What's this then? I downgrade Final Diagnosis because it is about only a human DBDG, and not about juicy ETs -- but I'm marking Mind Changer highly, yet it too is about a human DBDG? Ah yes, but it's not just any human DBDG; it's about Sector General's inimitable Chief Psychologist, O'Mara himself.
Despite a few preliminary stories, the Sector General series really starts with "Medic", set during the construction of the famous hospital -- which tells how O'Mara got his prestigious position in the first place. Since then we have really seen him only from others' points of view, as he ensures, by fair means or foul, that all the diverse strong personalities in the hospital stay reasonably sane. Now we get a whole book from his point of view. Marvellous.
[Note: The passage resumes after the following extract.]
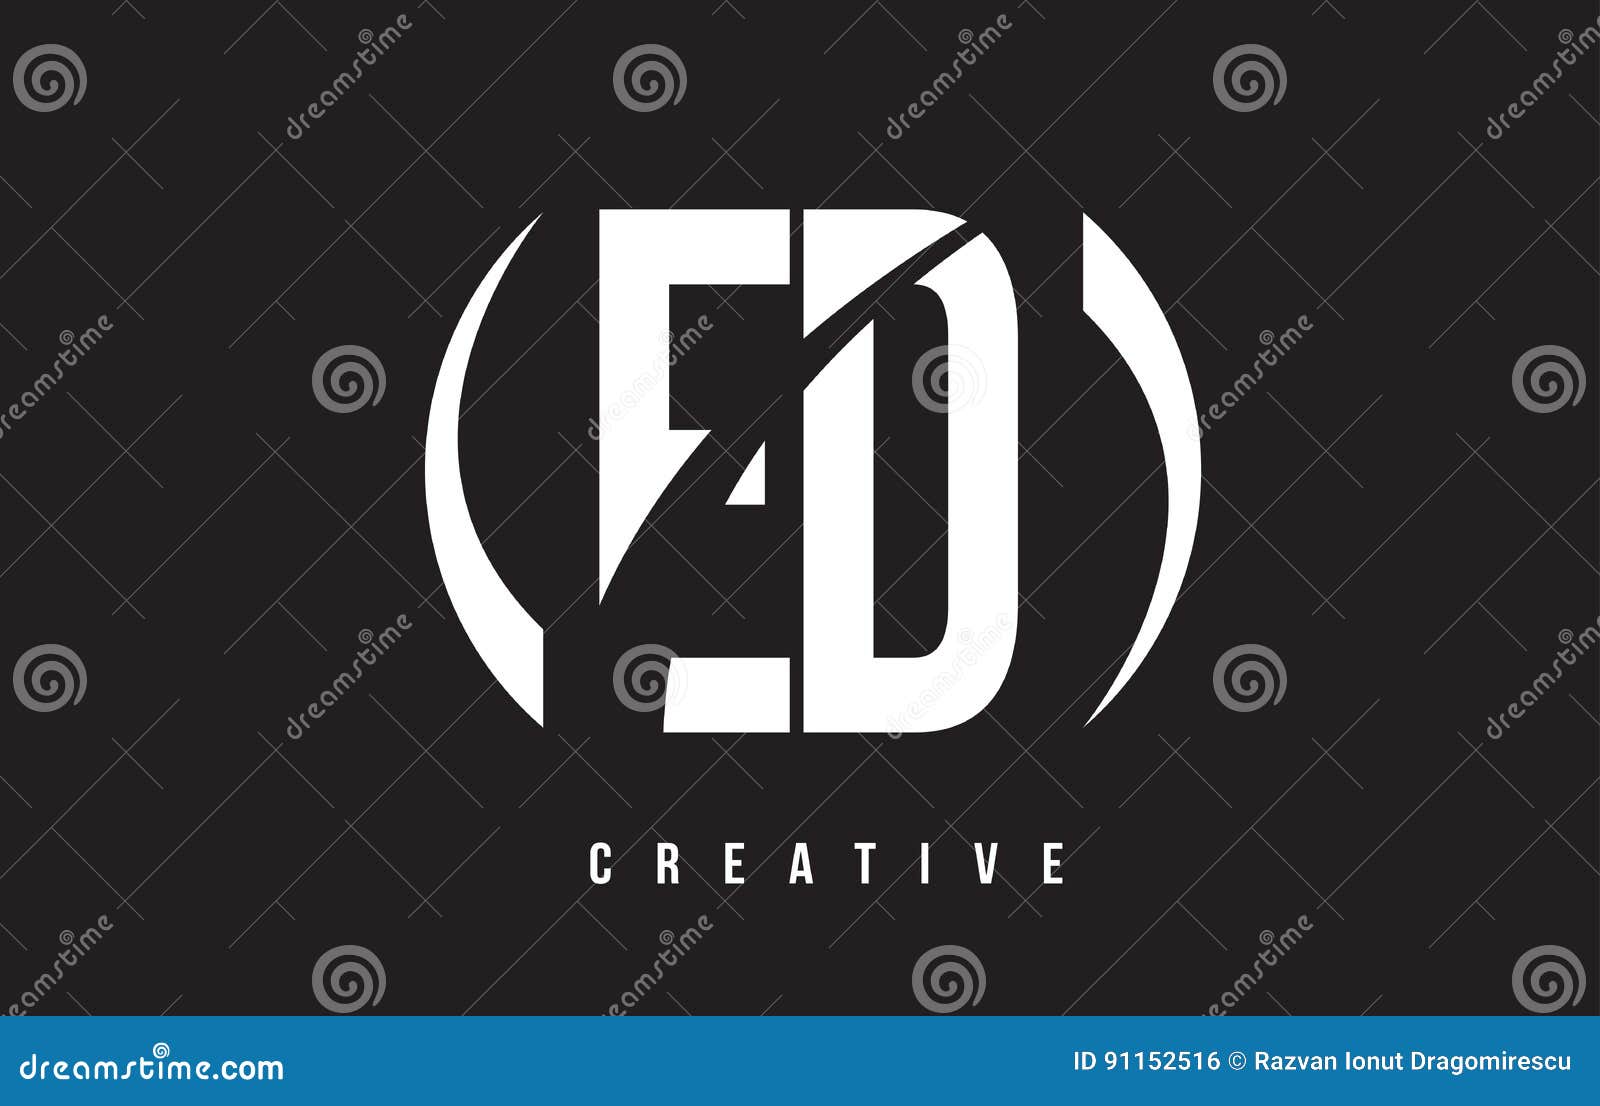 ed e d white letter logo  with black background.

It is time for O'Mara to retire. (This series is nearly 40 years old, and the characters' time has progressed in step with real time. In a very real sense, I've grown up with these people.) First, he has to select and train his replacement. In trying to decide who to select, he is forced into thinking about his own selection all those years ago, in a series of flashbacks. So, as well as the senior doctors in the current smoothly running hospital (modulo the current desperate crisis, naturally), we get to see a young uncertain O'Mara, a trainee Thornnastor, and Sector General just beginning to be populated and take shape. We also find out why O'Mara is quite as blunt and forthright as he is.
Brilliant piece of retconning.
Dr Prilicla, along with his medical staff of Pathologist Murchison, shape-changing Dr Danalta, and Kelgian Charge Nurse Naydrad, are sent off into the unknown in ambulance ship Rhabwar, to answer a distress beacon from the Monitor Corps ship itself sent to answer two other beacons. They find not just dire medical emergencies, but a bungled First Contact operation they must repair -- and once that's sorted out, they discover their problems are only just starting...
More fun with old friends, and some lovely alien medical problems. This time it's mainly from the PoV of the empathic Prilicla, so we have an interesting juxtaposition of what everyone is saying and what they are actually feeling.